DATA EXCERPT:
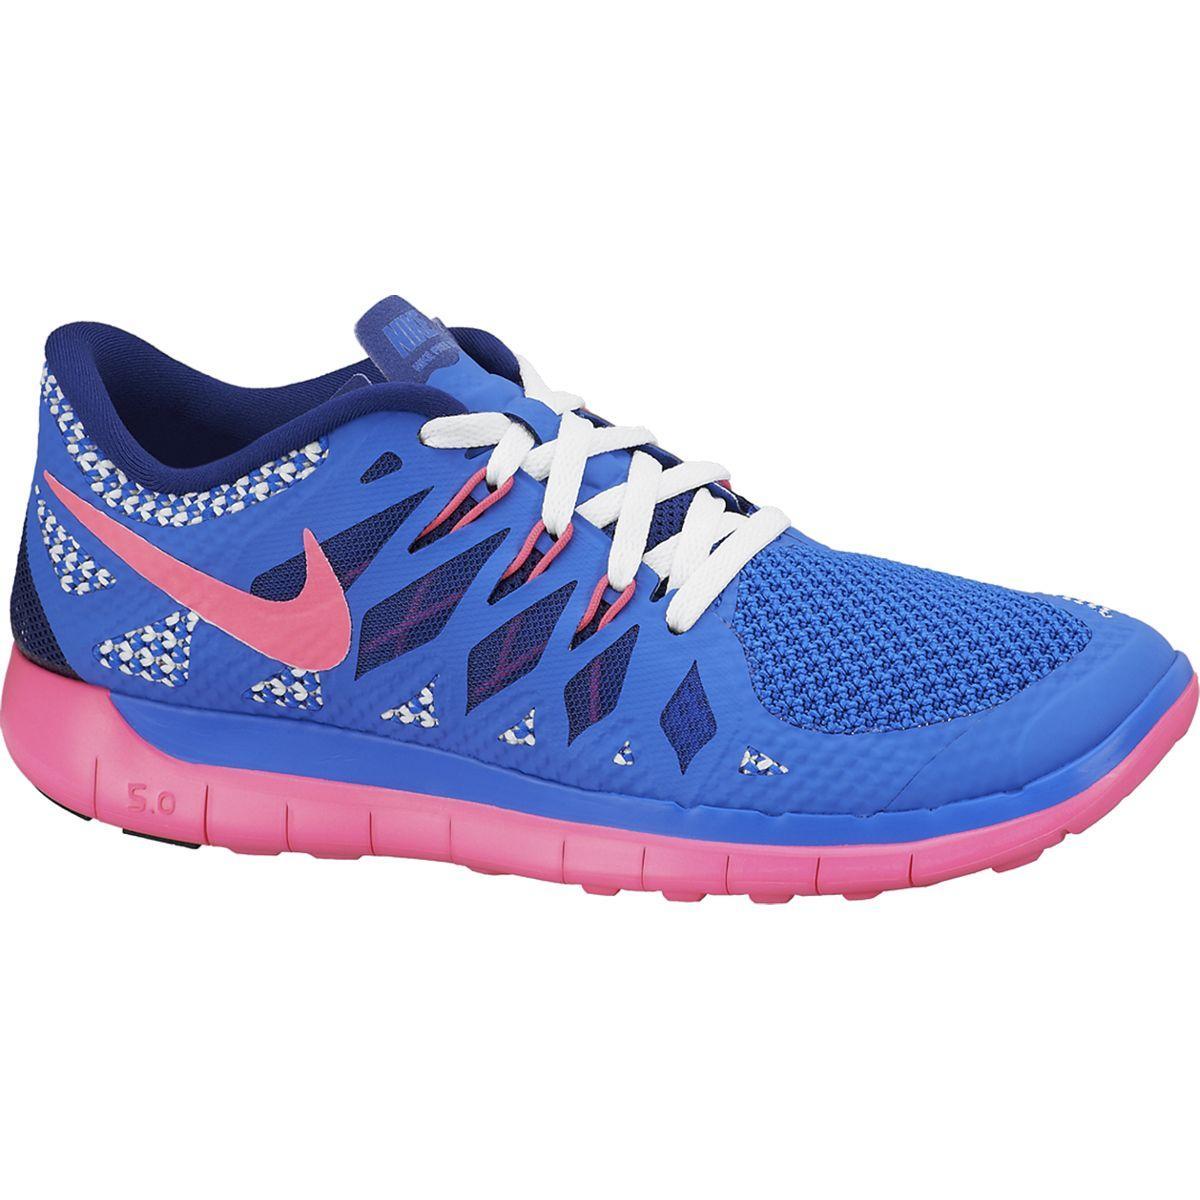 Nike Girls Free 5.0+ Running Shoes - Hyper Cobalt/Pink - Tennisnuts.com
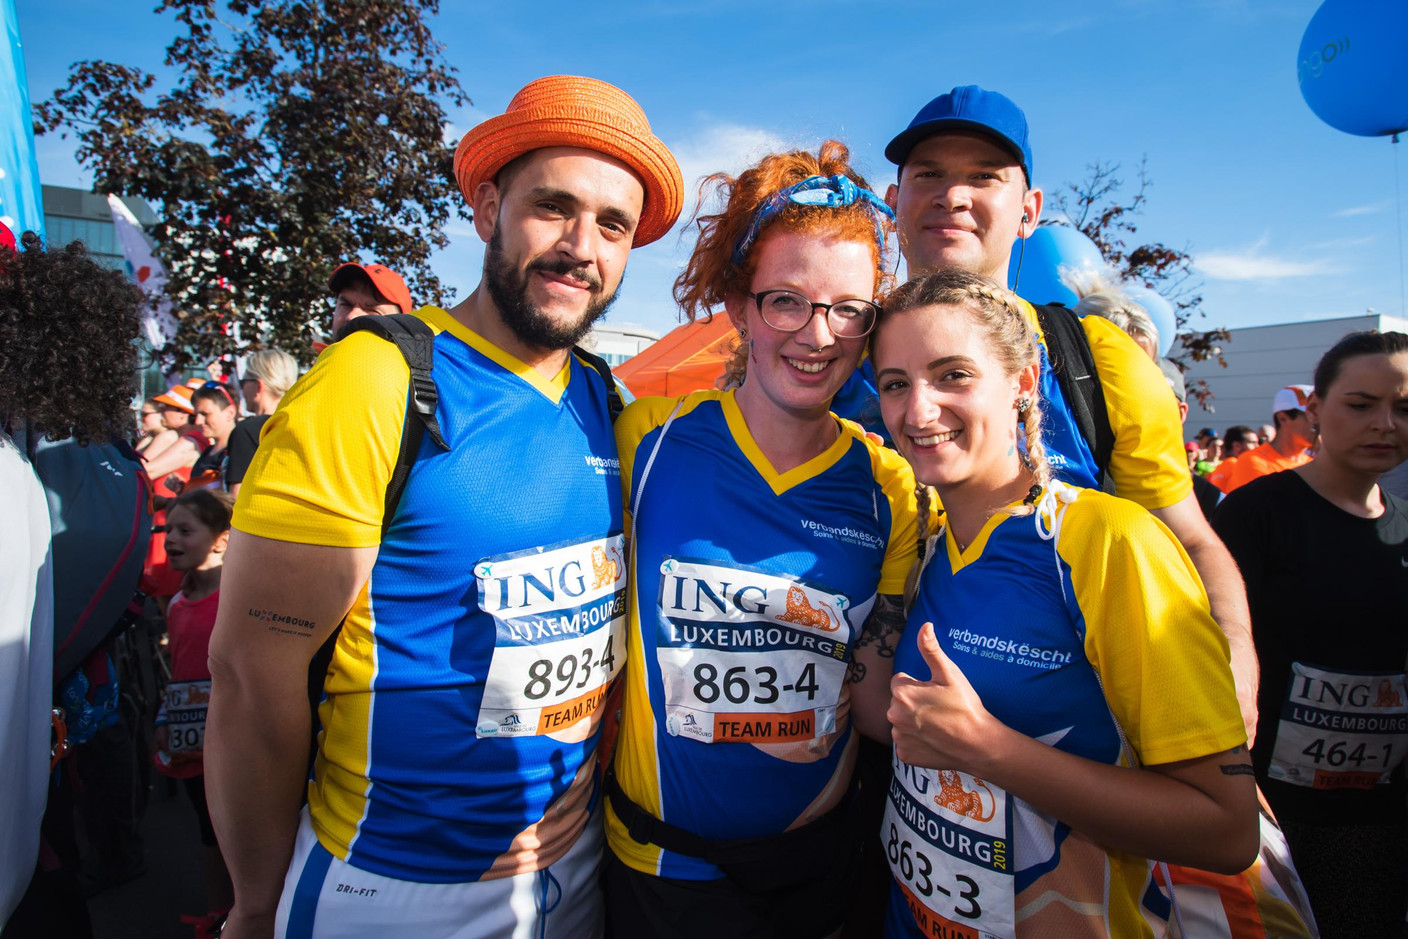 L’équipe de Verbandskëscht - soins & aides à domicile était présente sur la ligne de départ pour la 14e édition de l’ING Night Marathon Luxembourg. (Photo: Nader Ghavami)
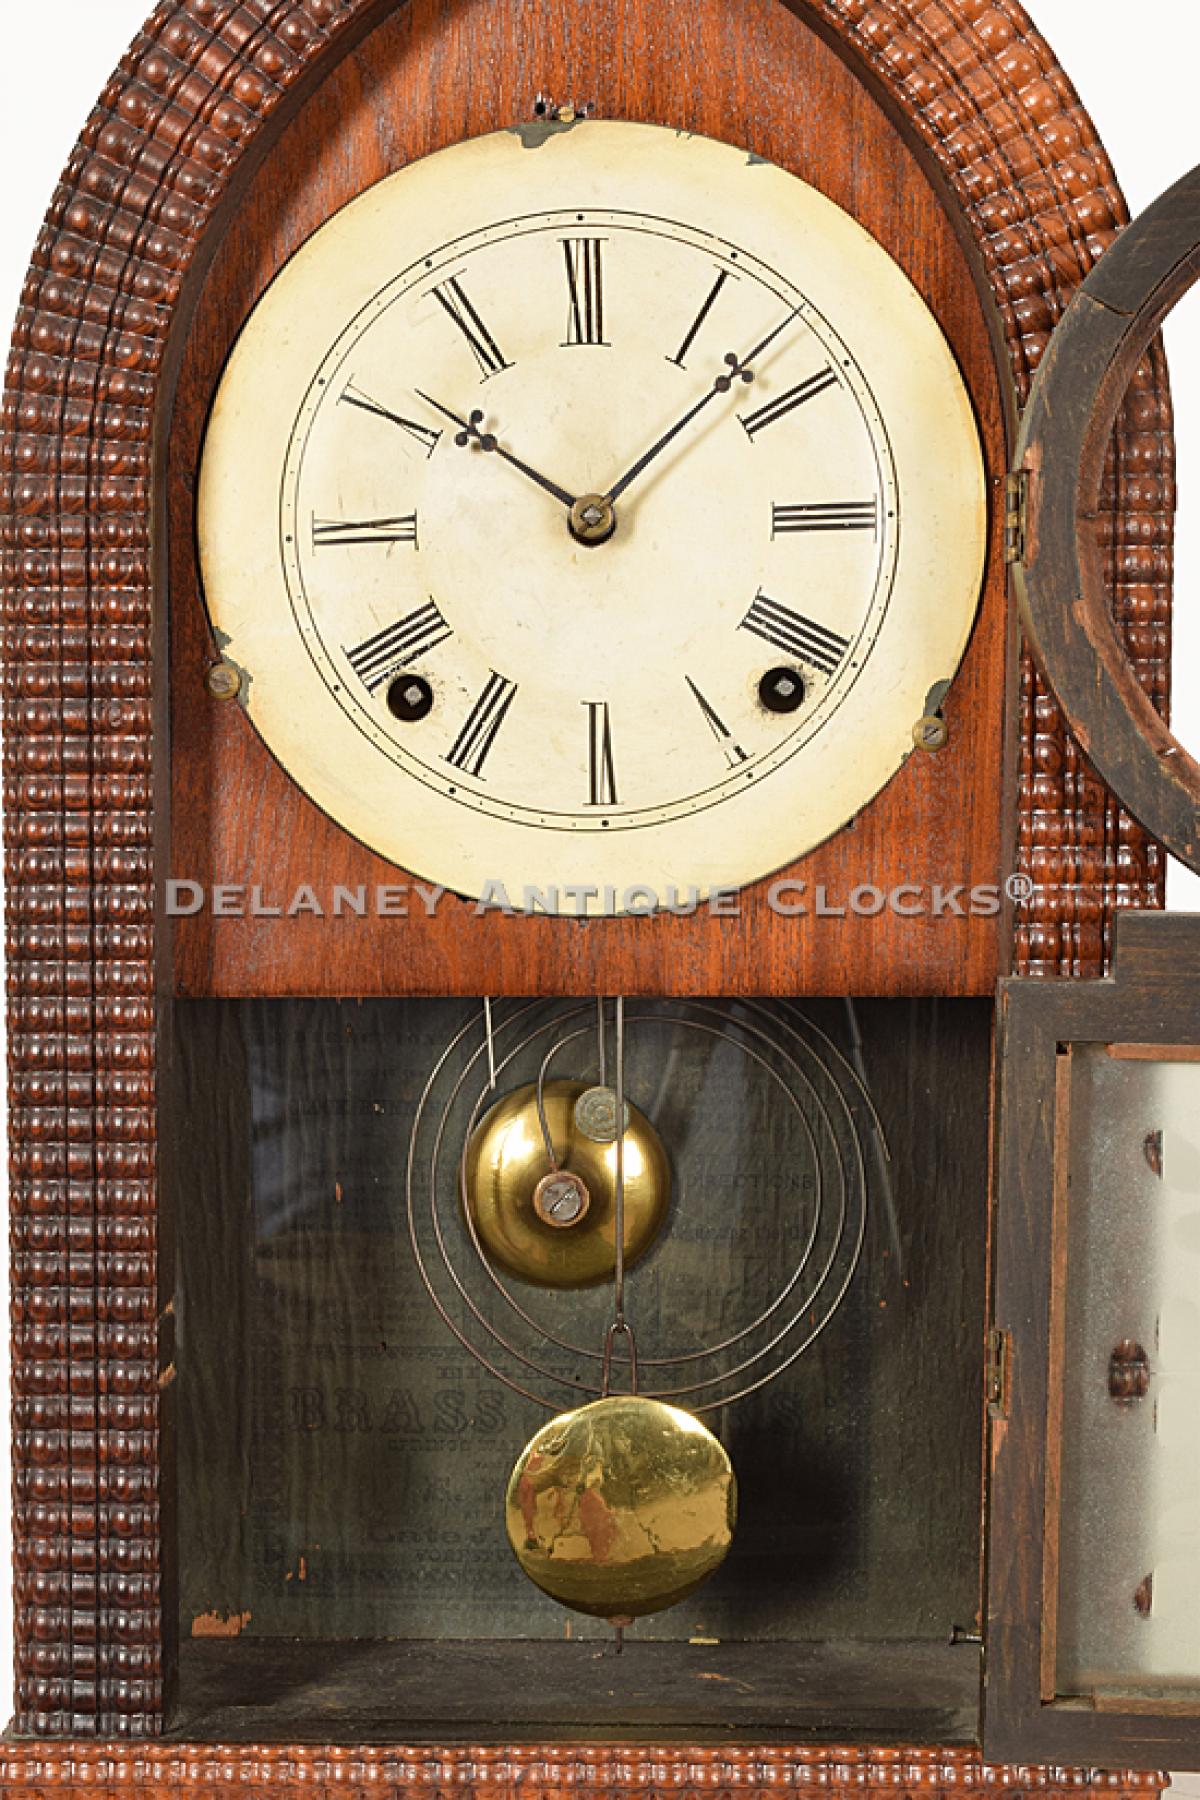 Forestville mantel clock – Antique and Vintage Clocks

EXERCISE INSTRUCTIONS: Please return the full listing word for word, but without any pictures.

OUTPUT:
 Nike Girls Free 5.0+ Running Shoes - Hyper Cobalt/Pink - Tennisnuts.com
 L’équipe de Verbandskëscht - soins & aides à domicile était présente sur la ligne de départ pour la 14e édition de l’ING Night Marathon Luxembourg. (Photo: Nader Ghavami)
 Forestville mantel clock – Antique and Vintage Clocks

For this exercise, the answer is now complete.